● Work instruction
Without any images, write the listing below out word for word.

● Data shown
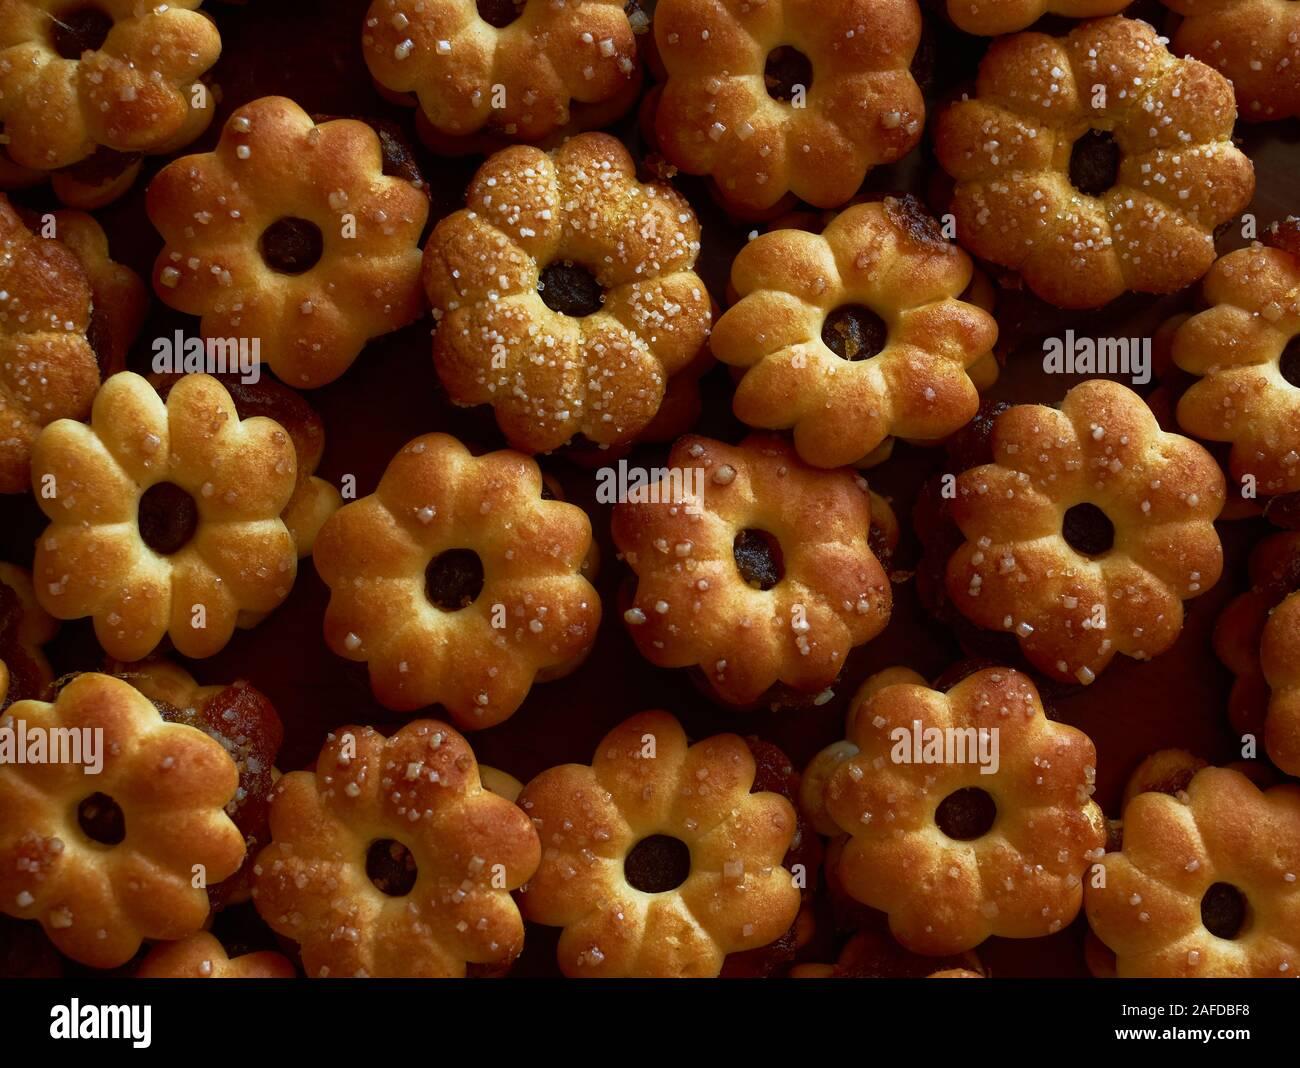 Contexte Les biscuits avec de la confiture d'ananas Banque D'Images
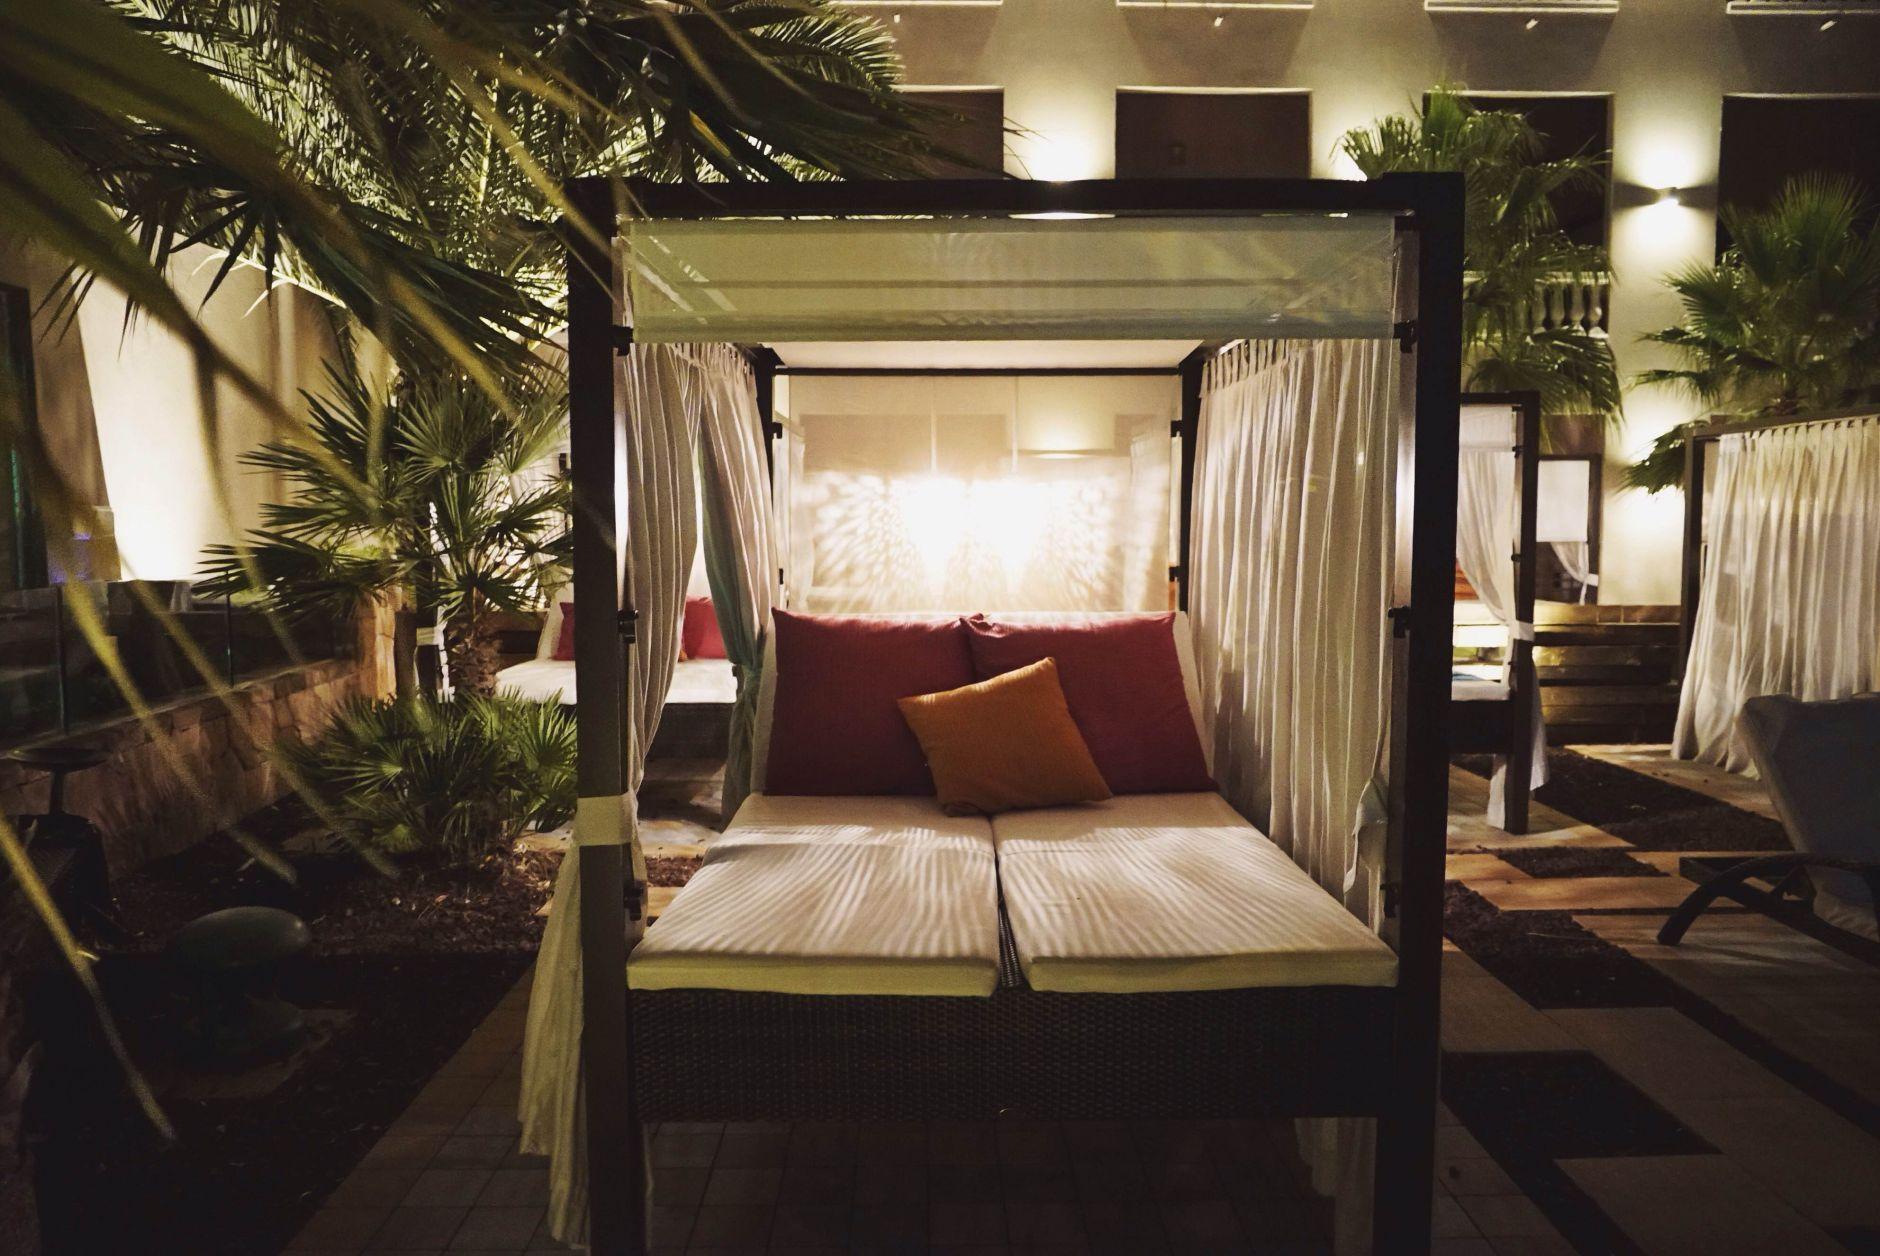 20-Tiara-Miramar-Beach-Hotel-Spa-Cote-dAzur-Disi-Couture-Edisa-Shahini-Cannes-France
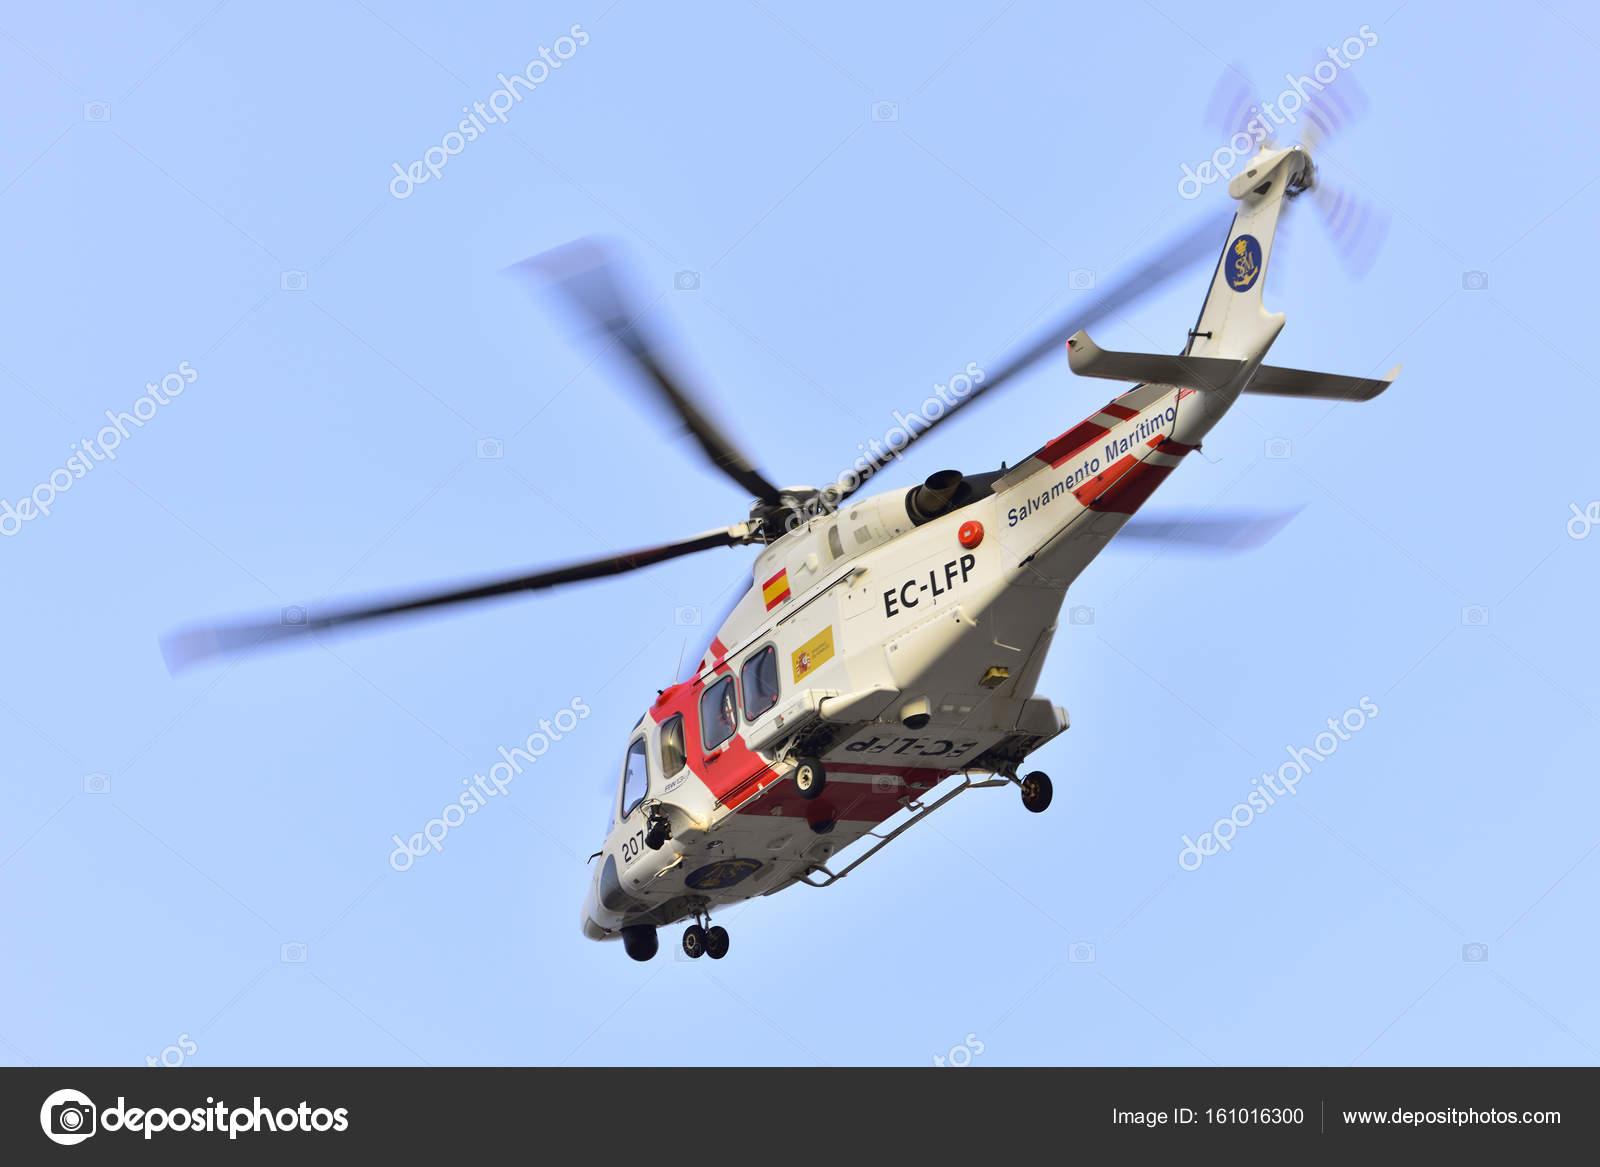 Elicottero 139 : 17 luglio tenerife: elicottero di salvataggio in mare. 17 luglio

● Solved exercise
 Contexte Les biscuits avec de la confiture d'ananas Banque D'Images
 20-Tiara-Miramar-Beach-Hotel-Spa-Cote-dAzur-Disi-Couture-Edisa-Shahini-Cannes-France
 Elicottero 139 : 17 luglio tenerife: elicottero di salvataggio in mare. 17 luglio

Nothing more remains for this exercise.